- Interactive map of Dighi Port

Location
- Country: India
- Location: Dighi, Raigad, Maharashtra
- Coordinates: 18°16′30″N 72°58′06″E﻿ / ﻿18.2751329°N 72.968366°E

Details
- Opened: 2014(construction started) 2018(operations started)
- Operated by: Adani Ports and Special Economic Zone Limited
- Owned by: IL & FS (2014-2018) JNPT (2018-21) Adani Ports & SEZ (2021-present)
- Type of harbour: Deep-sea port
- No. of berths: 5

= Dighi Port =

Sea port in Maharashtra, India

Dighi Port is a sea port in Maharashtra, India, on the eastern coast of the Arabian Sea, 42 nmi from the Mumbai port. The port is operated by Adani Ports & SEZ. The main road that links Dighi Port to the Indian highway network is NH 753F.

==History==

In 2014, IL&FS Engineering and Construction Company bagged a contract worth Rs 179.84 crore for development of multipurpose berths at the Dighi Port.
The port was to be developed as a multi-purpose, multi-cargo and all-weather port under a 50-year concession agreement with the Maharashtra Maritime Board (MMB) on a build, own, operate, share, transfer basis and had a land bank of 1,600 acres. However, because of poor hinterland connectivity, the port had only started partial operations as of 2018.

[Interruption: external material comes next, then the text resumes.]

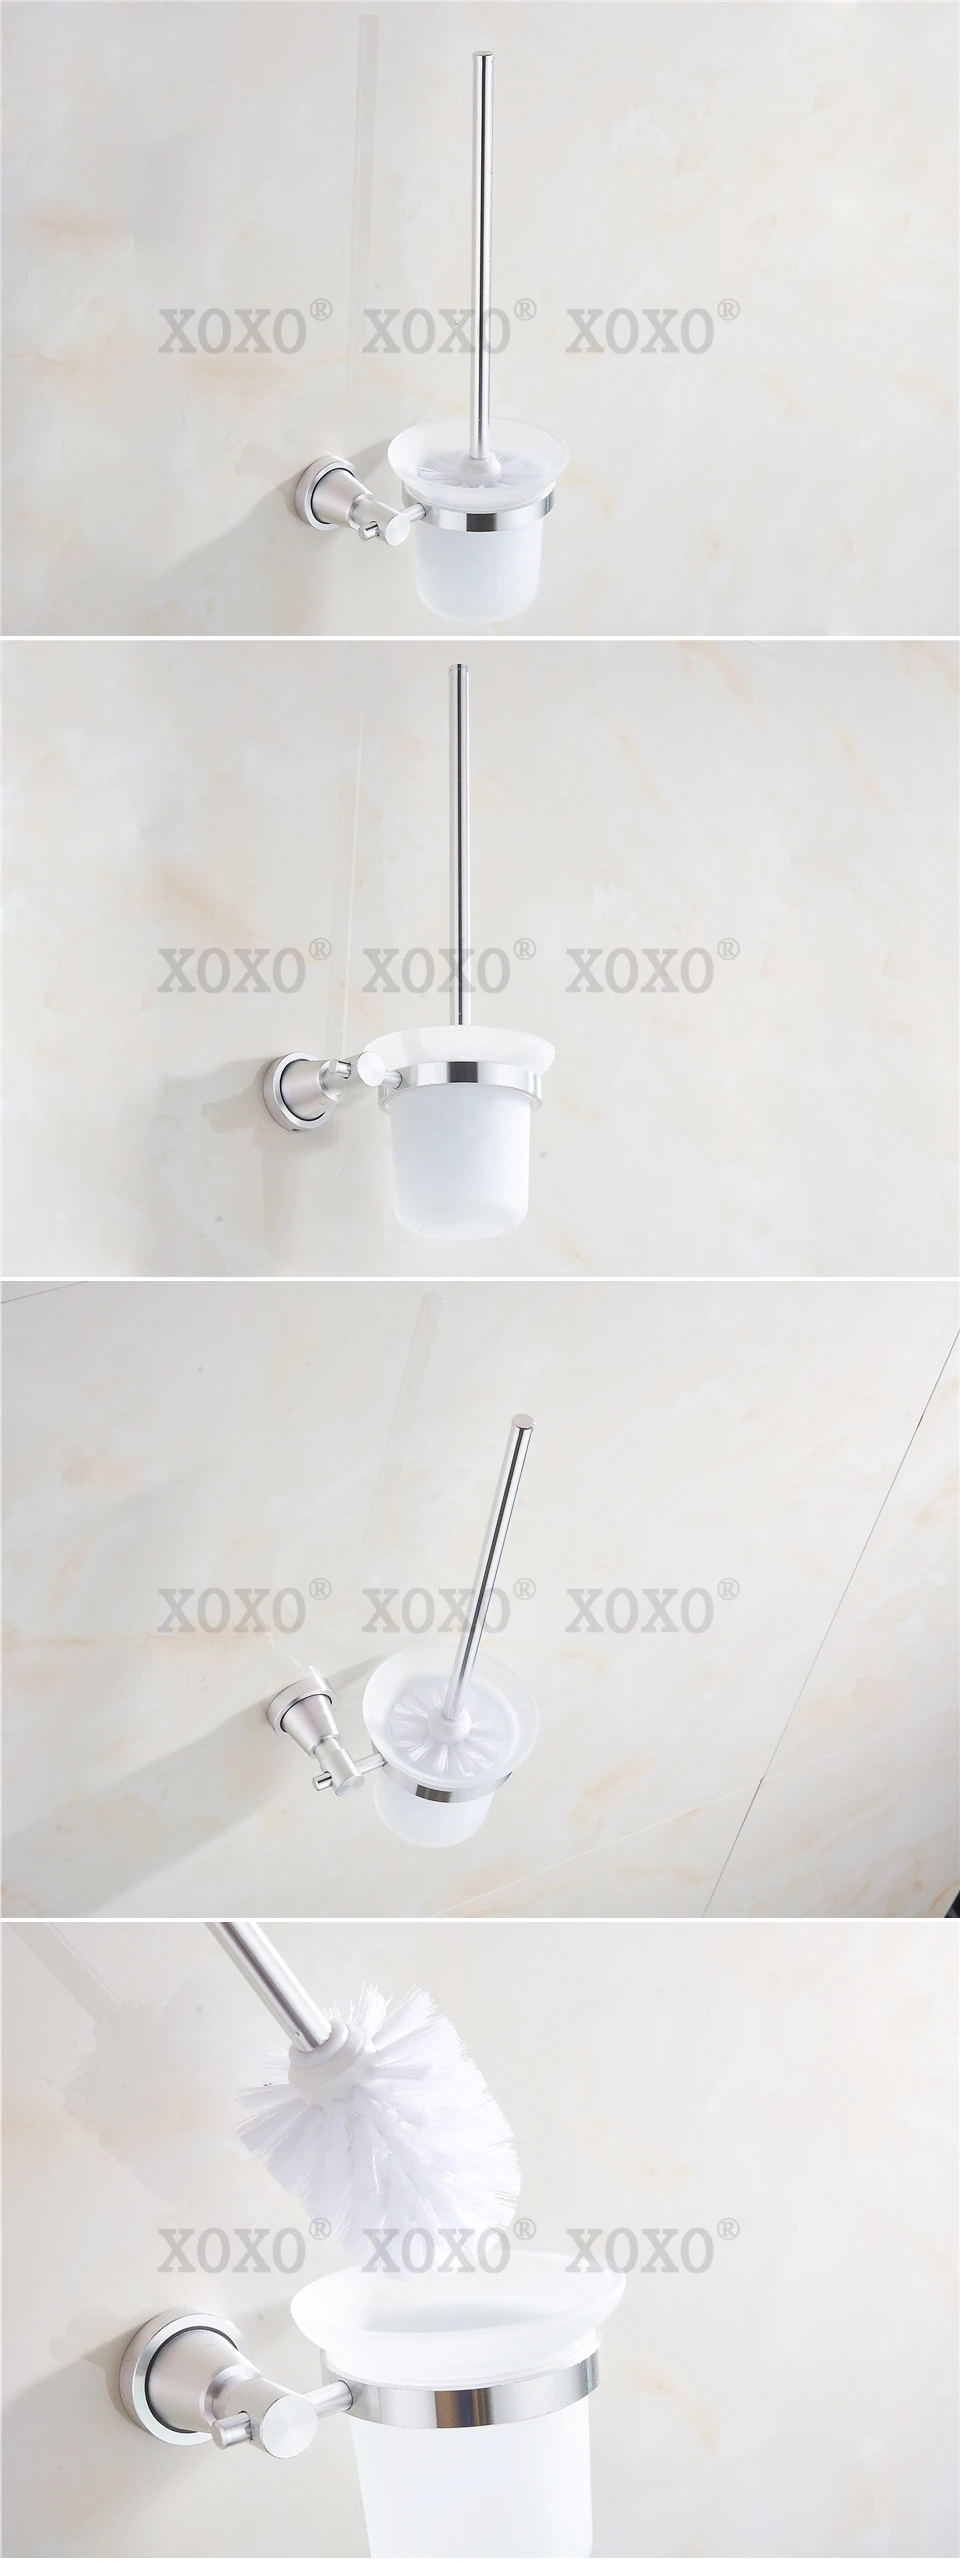 XOXONew прибытие продукта soild практичный настенный аксессуары для ванной комнаты щетка для ванной туалета держатель 3081

In April 2018, Dighi Port Ltd. was taken to bankruptcy court by an operational creditor. It also owed Rs1,600 crore to a consortium of banks.
Dighi Port Ltd owed ₹30 crore to DBM Geotechnics to construct multi-purpose berths 1 and 2 at Dighi and berth No 3. It marks the first instance of a port being hauled to the NCLT.
As part of the bankruptcy resolution process, the Jawaharlal Nehru Port Trust (JNPT), Adani Ports, DP World and JSW Infrastructure, among others, submitted expressions of interest (EoIs) to acquire Dighi Port Limited.
Adani Ports and Special Economic Zone Limited (Adani Ports & SEZ) completed the acquisition of Dighi Port Limited on 15 February 2021 for Rs 705 crore. Dighi Port is undergoing massive expansion, almost three times its current size.

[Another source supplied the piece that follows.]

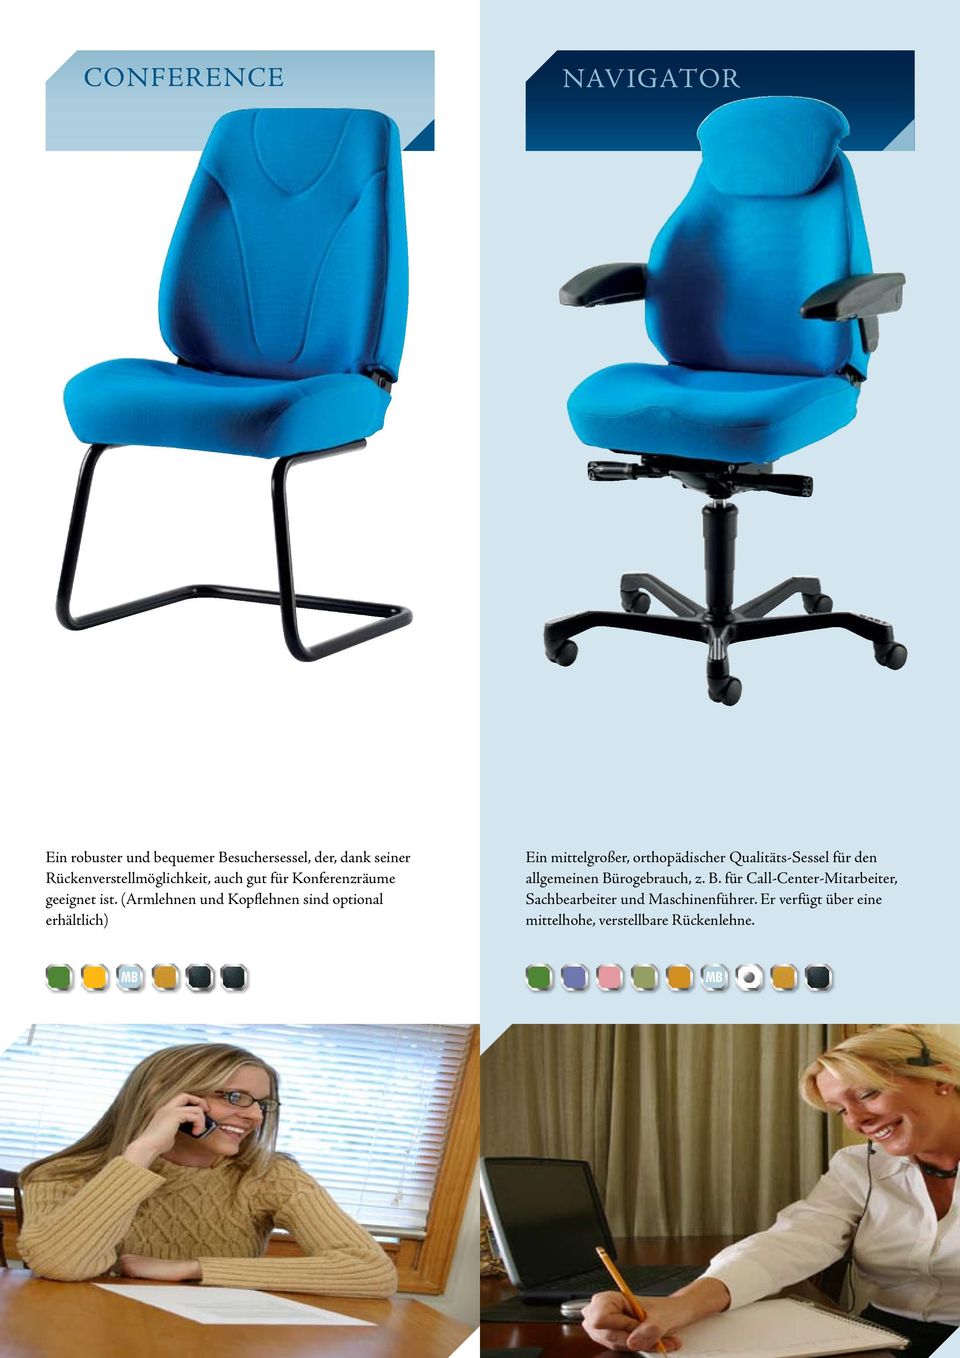 (Armlehnen und Kopflehnen sind optional erhältlich) Ein mittelgroßer, orthopädischer Qualitäts-Sessel

==Dighi Port Industrial Area==
The Dighi Port Industrial Area (DPIA) project, spread over 5,024 hectares in Raigad district. The ₹7360.46-crore DPIA project is expected to be developed alongside the port expansion, and will be a major node of the proposed Delhi-Mumbai Industrial Corridor (DMIC).The DPIA site is strategically located adjacent to the Mumbai-Goa National Highway, the Pune-Kolad Highway, and the Pune-Harihareshwar Highway. It is about 117 km from Mumbai, and 26 km east of Dighi Port. The industrial complex is likely to cater to engineering, food processing, and pharmaceutical industries.